I owe my love of saint stories to my third grade teacher, Sister Palladia. Sister Palladia was somewhere around 90 years old when she taught me, and I learned at one of my high school class reunions (1987?) that she was still living. Perhaps my perception of her age was somewhat skewed by my own youth. Or perhaps she actually lived to be 110.

I don’t recall whether or not Sister Palladia was a good teacher. I recall exactly three things about her: 1) she was about 4’5” tall, and round as a fire extinguisher; 2) she wasn’t mean like Sr. Callista who used to punish wrong-doers by using a hairbrush on their butts; and 3) she told amazing and often macabre stories to her 8-year-old students.

But for every story about a young girl who disobeyed her mother and stayed out past curfew and subsequently was hacked to pieces by a crazed miscreant, she had an equally fascinating and far less disturbing story about a saint.

St. Dominic Savio was perhaps my favorite. At age 5, Dominic would arise at the crack of dawn and walk to the church to serve at Mass. If the doors were not yet unlocked, he would kneel on the bare ground until the priest opened the doors. He was studying for the priesthood when, at age 14, he died of pleurisy. Probably from all of that kneeling outdoors in the cold, but hey, who am I to judge?

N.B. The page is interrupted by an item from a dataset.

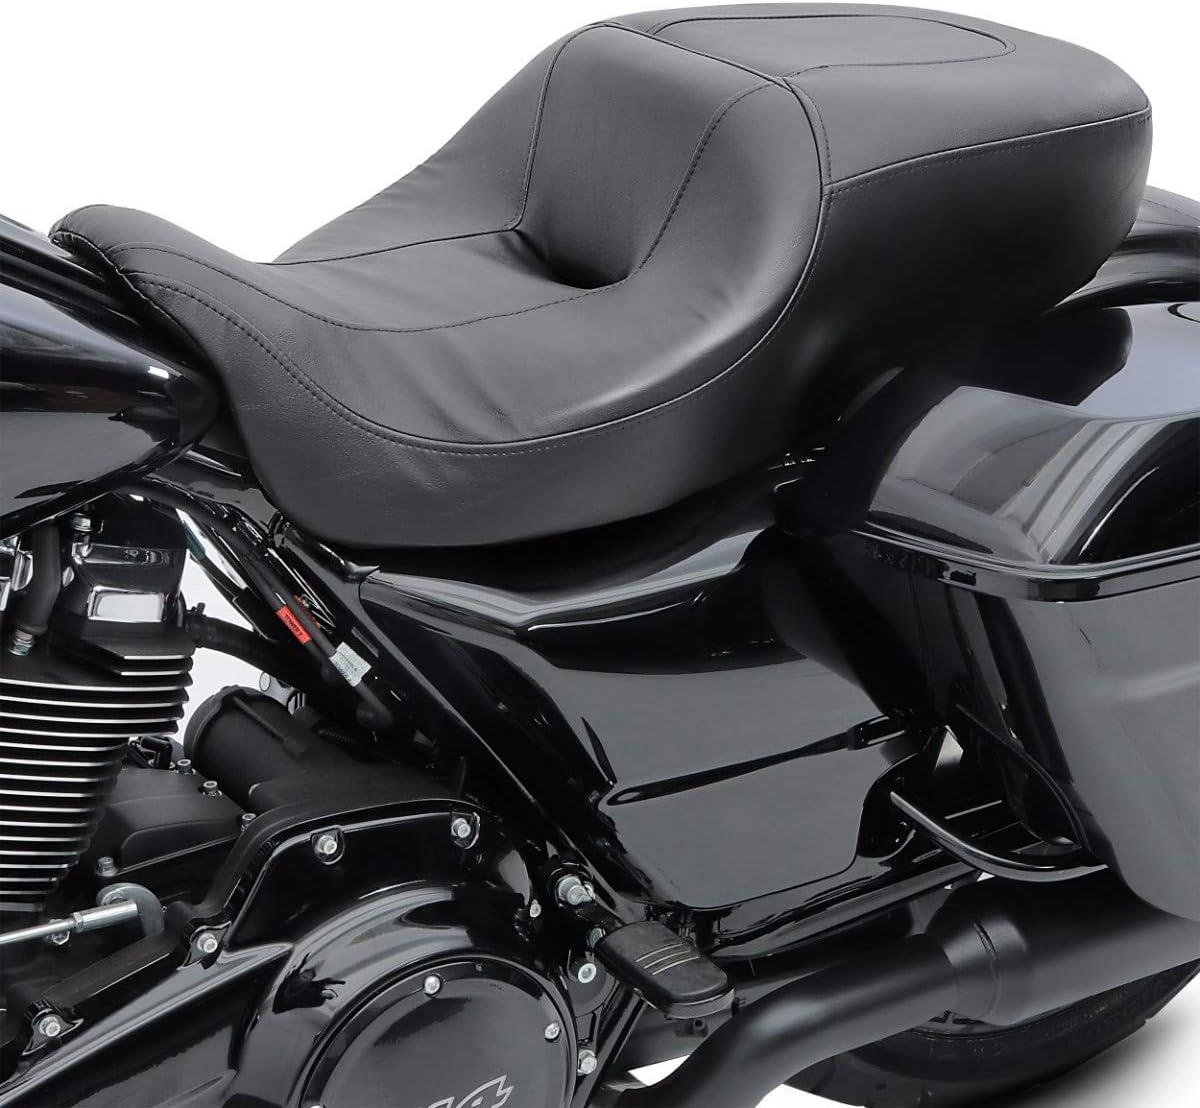 Sella comfort per Harley Davidson Electra Glide Ultra Classic 14-20 Hammock

Then there was St. Maria Goretto, who at age 15 was stabbed 14 times after refusing to allow a man to have his way with her. It seems many of the best saints were Italian now that I think about it. A few good holy representatives from France too. Young St. Joan of Arc, and of course St. Therese of Lisieux, the little Rose.

I loved hearing about them all.

But the saint I read about yesterday before Mass started was St. Giuseppe Moscati, a relatively contemporary saint who died in 1927. Giuseppe earned his degree in Medicine from the University of Naples, and then was awarded a post at the Hospital of the Incurables.

Yes, you read that correctly. I said the Hospital of the Incurables.

Can you just imagine going to the doctor for a sore throat. The doctor — perhaps even Dr. Giuseppe Moscati — tells you to say ahhhh, looks at your tonsils, says “tsk, tsk, tsk,” and tells you he’s going to send you to the Hospital of the Incurables.

“Whaaaaaat? you say. “Please, can’t I just go to Our Lady of Perpetual Help Medical Center?”

I think the Hospital of the Incurables needed a different marketing director.

And just to clear up a common misunderstanding about Catholics, let me make it perfectly clear. We DO NOT WORSHIP SAINTS. We merely ask them to pray for us. Just like I ask my siblings and/or friends to pray for me or my family in times of need. I can’t tell you how often I ask my mother to pray for me, though last I heard, she wasn’t being considered for sainthood yet.

And just say no to a stint at the Hospital of the Incurables.